*SOURCE MATERIAL*:
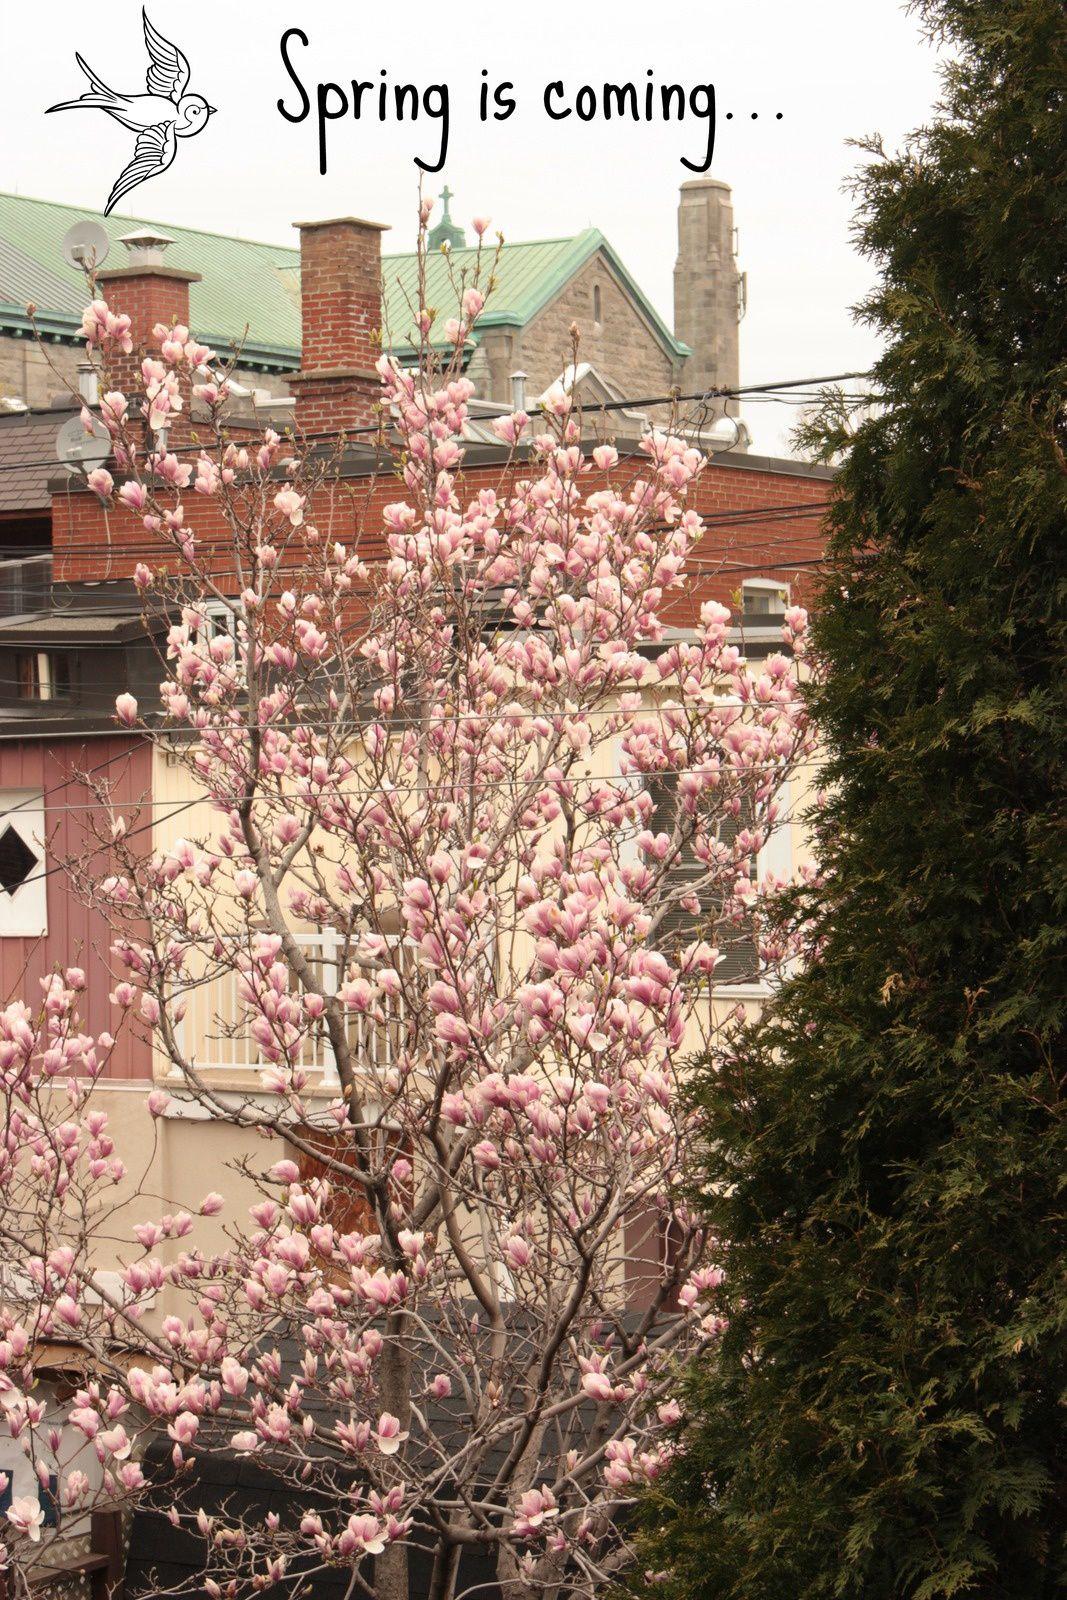 Enfin le printemps, le vrai
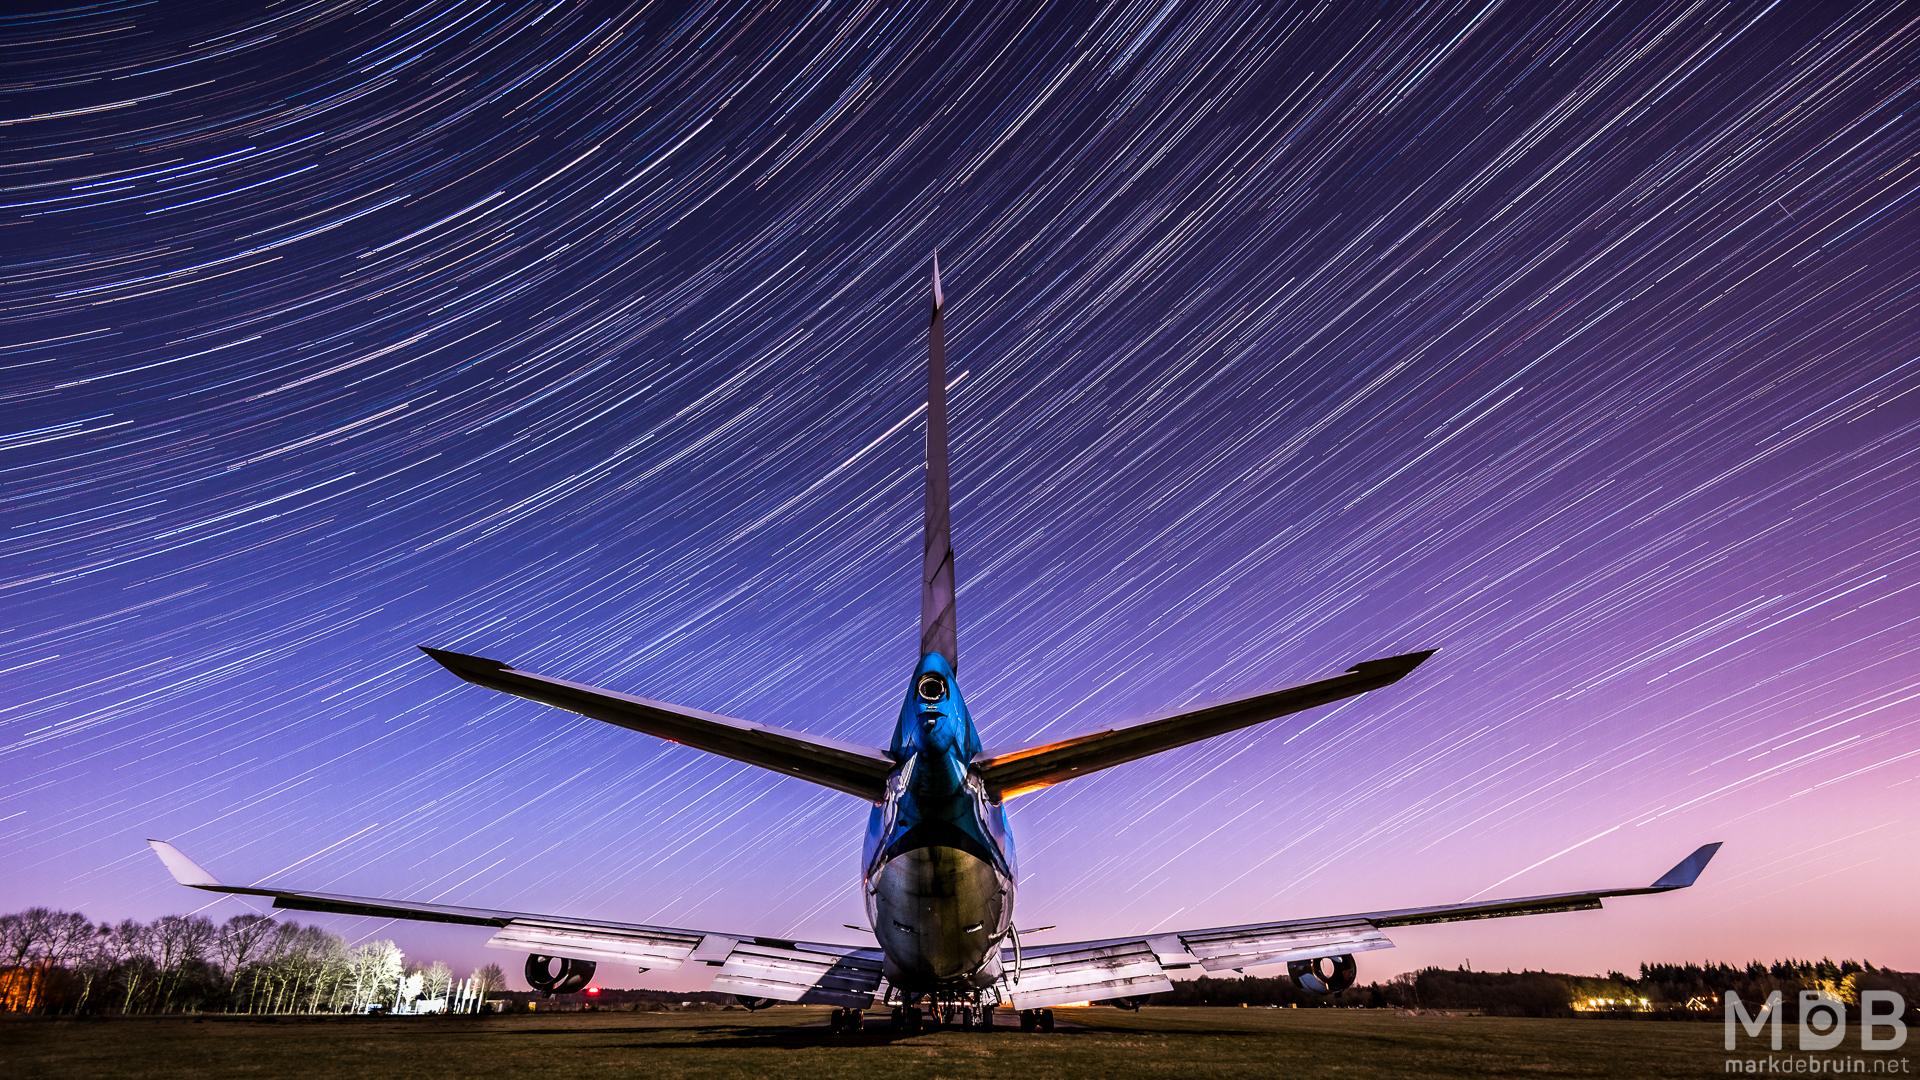 747twenteachterkant-2.jpg
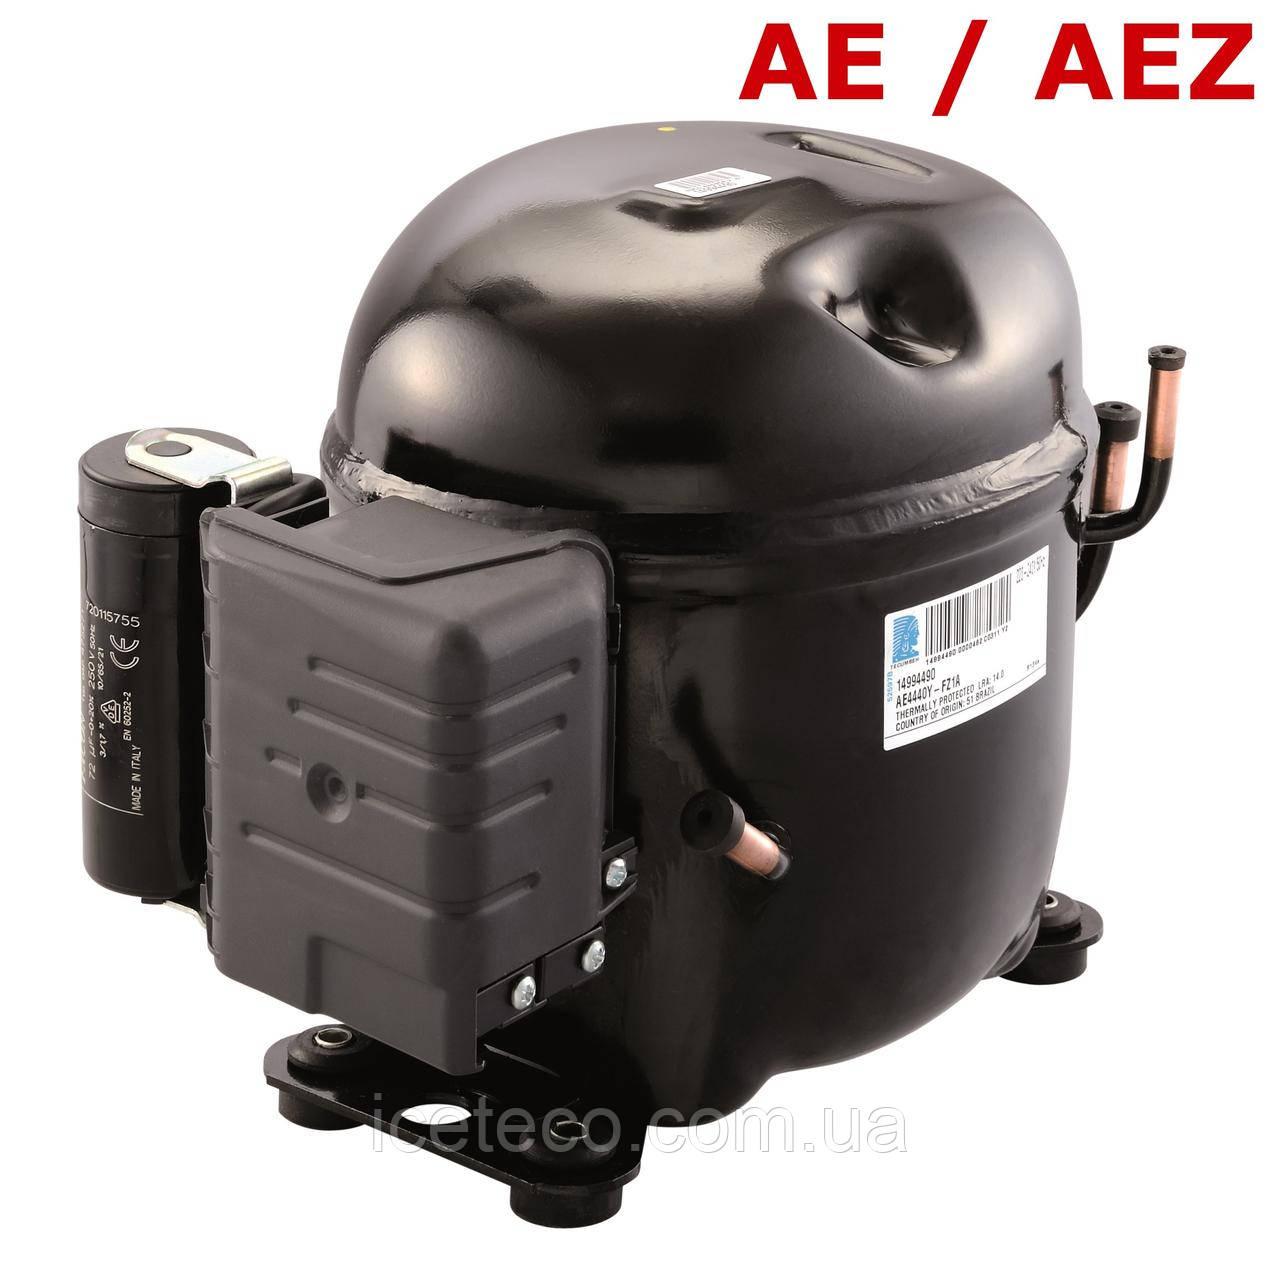 Герметичный поршневой компрессор AEZ1365Y Tecumseh

*TASK REQUIREMENTS*:
Your answer must be only the lines from the one that holds "747twenteachterkant-2.jpg" to the end of the listing, each restated word for word, with both ends kept and pictures left out.

*SOLUTION FOR THIS PROBLEM*:
 747twenteachterkant-2.jpg
 Герметичный поршневой компрессор AEZ1365Y Tecumseh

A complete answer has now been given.